Nobel prize: What’s so special about the DNA of extinct hominids?

DNA is no friend to time. As the millennia wear on, DNA degrades to a point that sequencing the genome is almost entirely impossible, but only by revealing genetic differences that distinguish all living humans from extinct hominins, can we provide the basis for exploring what makes us unique.

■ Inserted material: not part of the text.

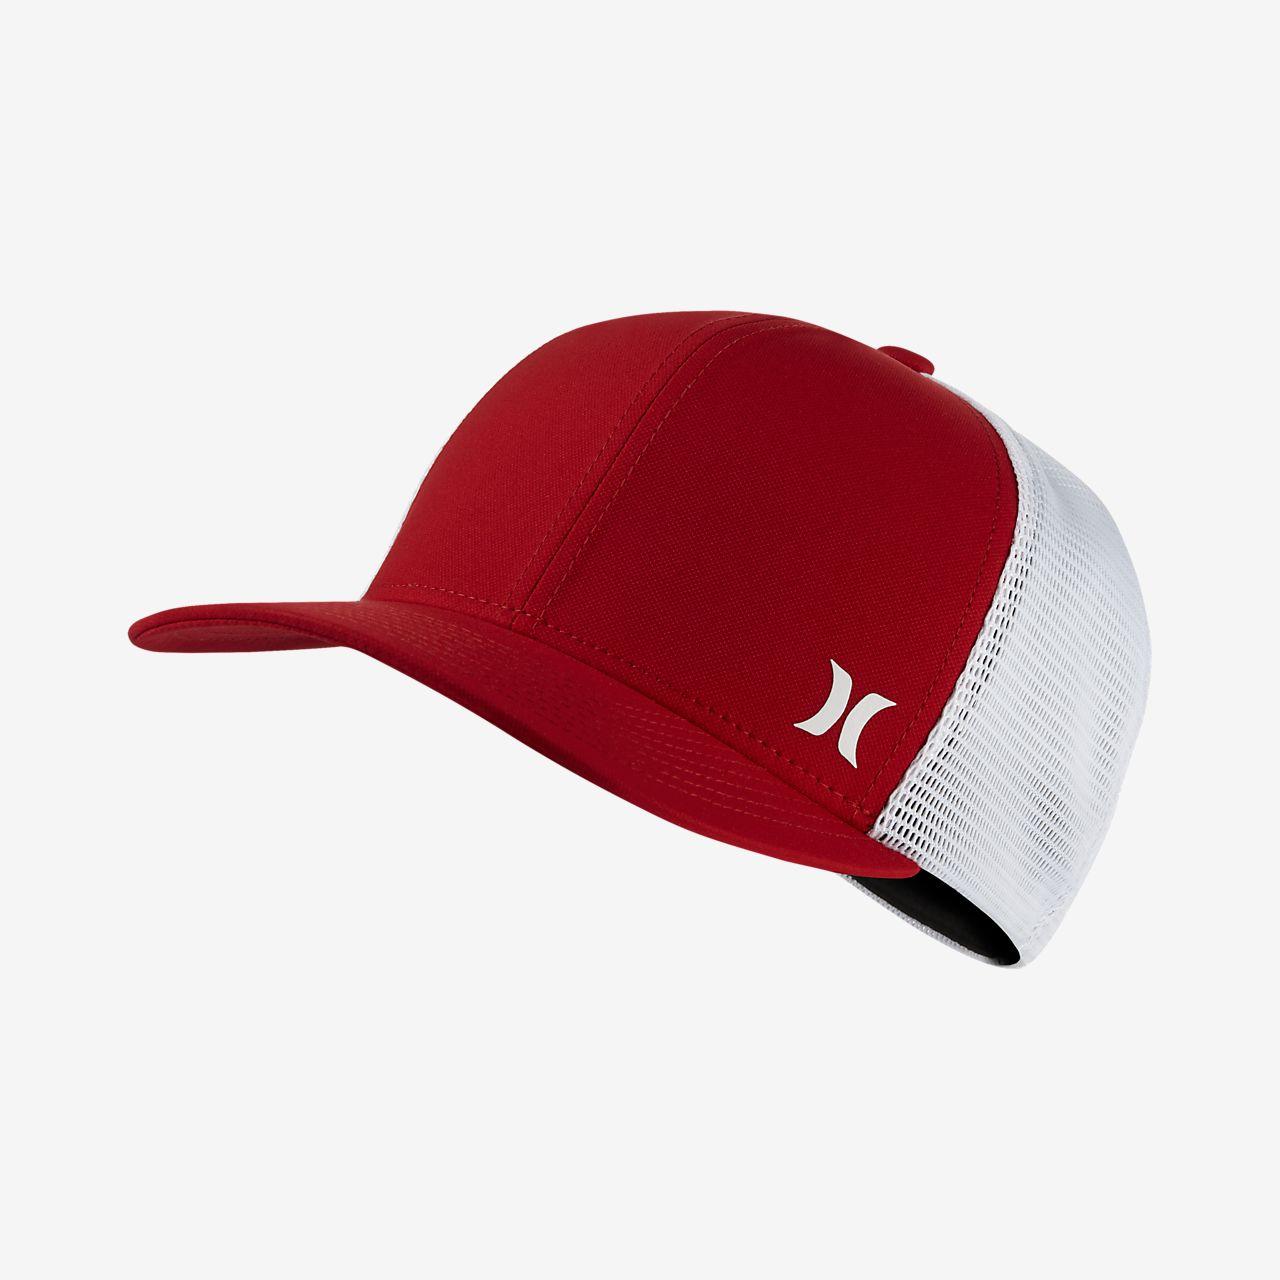 online retailer 158e7 7f188 new zealand hurley blocked trucker hat red white f5e14 80658  uk hurley  milner trucker unisex adjustable hat a2a34 d42db

That is why the 2022 Nobel Prize in Physiology or Medicine has gone to Svante Pääbo – whose team published the first Neanderthal genome sequence in 2010 and has since pioneered genomic analysis into both Neanderthals and the mysterious ‘Denisovans’.

The researcher has been awarded the prize ‘for his discoveries concerning the genomes of extinct hominins and human evolution’ and his research gave rise to an entirely new scientific discipline – paleogenomics.

Paleogenomics

Our genes tell a story about our history. Where we’ve come from and who we’ve mingled with along the way.

But as biologist Eric Lander, who helped lead the effort to sequence the first human genome put it: “Genome: Bought the book; hard to read.” Ancient DNA has a different problem – the book is in tatters.

Because DNA degrades over time, being able to extract even limited information is difficult. In 1997 Pääbo made his first breakthrough by reconstructing the first mitochondrial DNA from a Neanderthal.

Mitochondria – known as the ‘powerhouse of the cell’ – has its own set of DNA which is passed down from the mother.

Because there’s so many mitochondria in each cell, this DNA – which is called mtDNA – is the most accessible, and easiest to sequence – especially in ancient, degraded cells.

Pääbo was conducting his work only seven years after the Human Genome Project had begun and six years before it would be even moderately completed – DNA sequencing was still in its relative infancy.

The researchers continued refining the mitochondrial DNA, and also began looking a step further – trying to sequence the nuclear DNA of a Neanderthal.

Neanderthal DNA

Pääbo and his team steadily improved the methods to isolate and analyse DNA from archaic bone remains. The research team exploited new technical developments, which made sequencing of DNA much more efficient. Pääbo also engaged several critical collaborators with expertise on population genetics and advanced sequence analyses.

In 2010 Pääbo’s team made a second major breakthrough – they published a paper with the first draft of the Neanderthal nuclear genome sequence. Imagine this as a carefully reconstructed book, some pages sticky taped back together, while others having to be brought in from elsewhere to fill the gaps.

Having this entire genome means that we can now work out how Neanderthals and humans are different. Comparative analyses demonstrated that the most recent common ancestor of Neanderthals and Homo sapiens lived around 800,000 years ago, while more recently we discovered that Neanderthals and humans likely interbred, meaning that most of us have a few percentage points of DNA from this cross over.

Denisovans

In 2008 a 40,000-year-old fragment from a finger bone was discovered in the Denisova cave in the southern part of Siberia. The bone contained exceptionally well-preserved DNA, which Pääbo’s team sequenced.

The results caused a sensation – the DNA sequence was unique when compared to all known sequences from Neanderthals and present-day humans.

Pääbo and the team had discovered a previously unknown hominin, which was given the name Denisova. And, seemingly as these things go, comparisons with contemporary human genomes from different parts of the world showed that gene flow had also occurred between Denisova and Homo sapiens too.

“Pääbo’s discoveries have had a profound impact on the understanding of our evolutionary history, and they have galvanized research in the area,” wrote Gunilla Karlsson Hedestam and Anna Wedell, professors at the Karolinska Institute, in a background article about the prize.

“We now know that at least two distinct hominin groups, Neanderthals and Denisovans, inhabited Eurasia when anatomically modern humans (Homo sapiens) emerged from Africa.”